Per segments, sales forecast for the fiscal year 2017 remained same compared with the October forecast. This was due to anticipated increases in sales in the Financial Services and Music segments, offset by anticipated fall in sales in the GN&S, MC and Semiconductors segments.

The company raised operating income guidance and now expects it to be around ¥720 billion (earlier projection: ¥630 billion).

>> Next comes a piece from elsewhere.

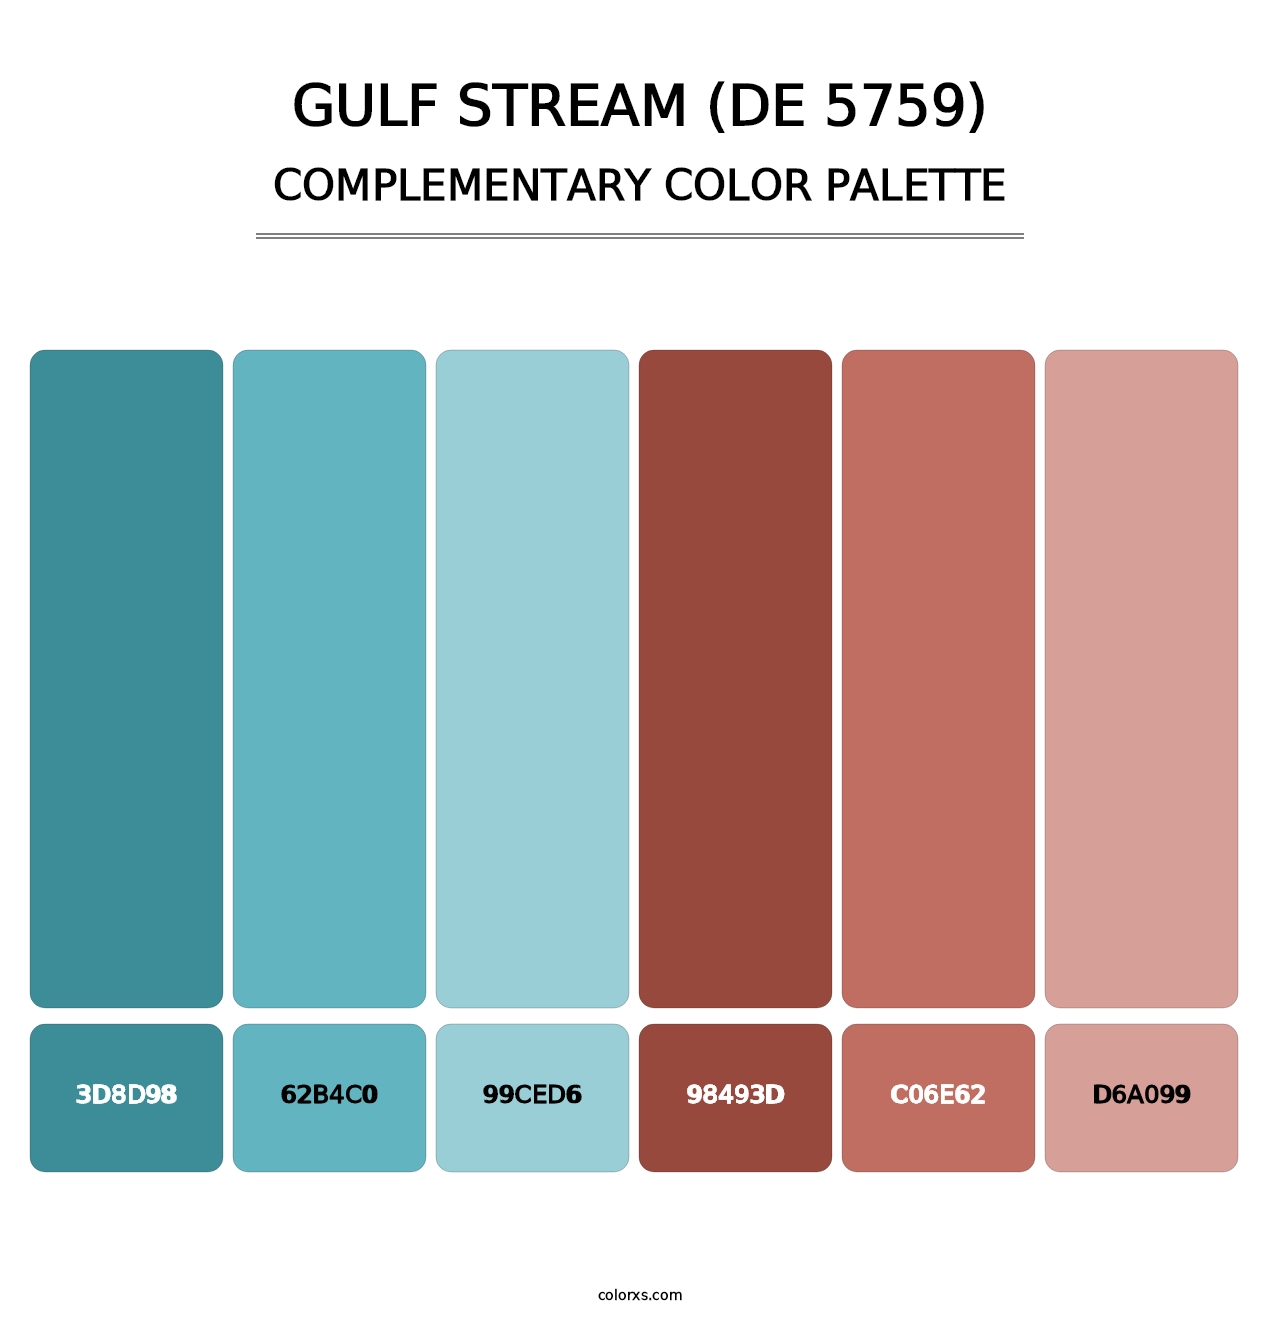 Gulf Stream (DE 5759) - Complementary Color Palette
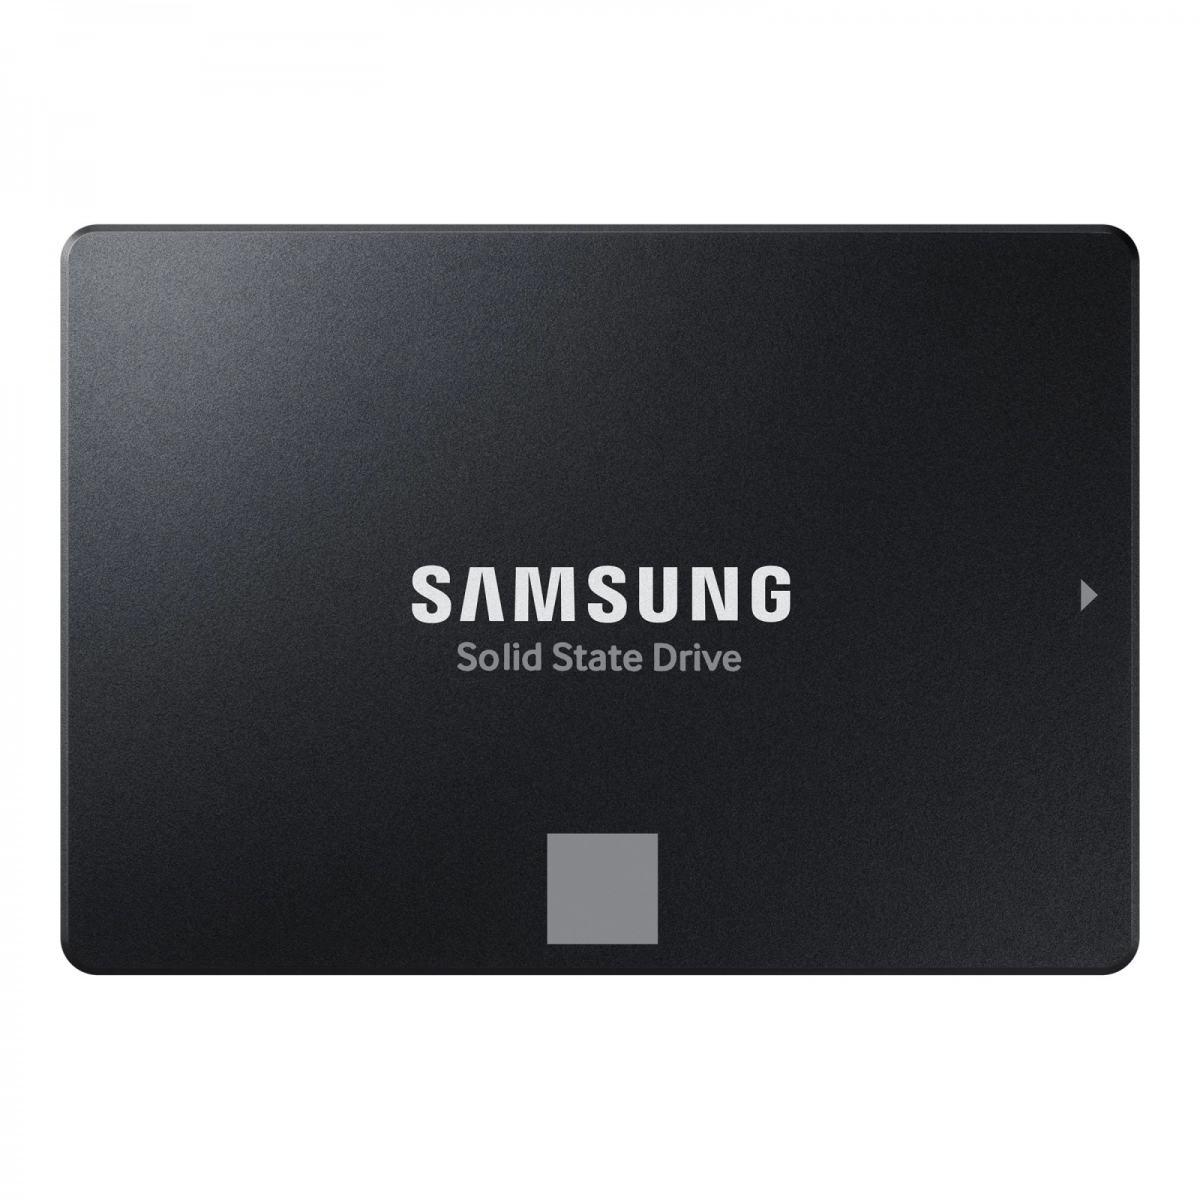 Notebook-Festplatte 250GB, SSD SATA3 MLC für FUJITSU LifeBook AH530

Improvements in operating income are anticipated to be driven by growth in Music, Semiconductors, Financial Services, and HE&S segments.

The sales forecasts for the fiscal year 2017 for the HE&S, IP&S and Pictures segments remain unchanged from the October forecast. Financial Services sales are forecast to be higher than earlier anticipated. Meanwhile, MC sales are forecast to be lower than expected due to a projected decrease in smartphone unit sales.

Our Take

Over the past few quarters, robust sales of Sony’s flagship gaming product, PlayStation, have boosted the top line. Moreover, the spectacular performance of the company’s Semiconductor business is proving to be a solid profit churner. Further, the company’s diligent restructuring efforts to streamline business structure are proving conducive to operating performance.

Moreover, a number of measures taken by the company including cost-reduction initiatives, lower exposure in low-profit geographic regions and reduction in advertising & promotion expenses, are expected to benefit this business in the long run. This apart, we believe the company’s bolt-on acquisitions and strategic investments will help it expand addressable markets.

Sony currently sports a Zacks Rank #1 (Strong Buy).

Other Stocks to Consider

Some other top-ranked stocks worth considering in the same space include Churchill Downs, Inc. (CHDN - Free Report) , Boyd Gaming Corp. (BYD - Free Report) and Penn National Gaming, Inc. (PENN - Free Report) . While Churchill Downs sports a Zacks Rank #1, Boyd Gaming and Penn National Gaming carry a Zacks Rank #2 (Buy). You can see the complete list of today’s Zacks #1 Rank stocks here.

Churchill Downs has a decent earnings surprise history, surpassing estimates thrice in the trailing four quarters with an average beat of 9.5%.

Boyd Gaming has a modest earnings surprise history, exceeding estimates twice in the trailing four quarters with an average beat of 13.6%.

Penn National Gaming has posted earning beats thrice in the trailing four quarters. It boasts an average beat of 79.9%.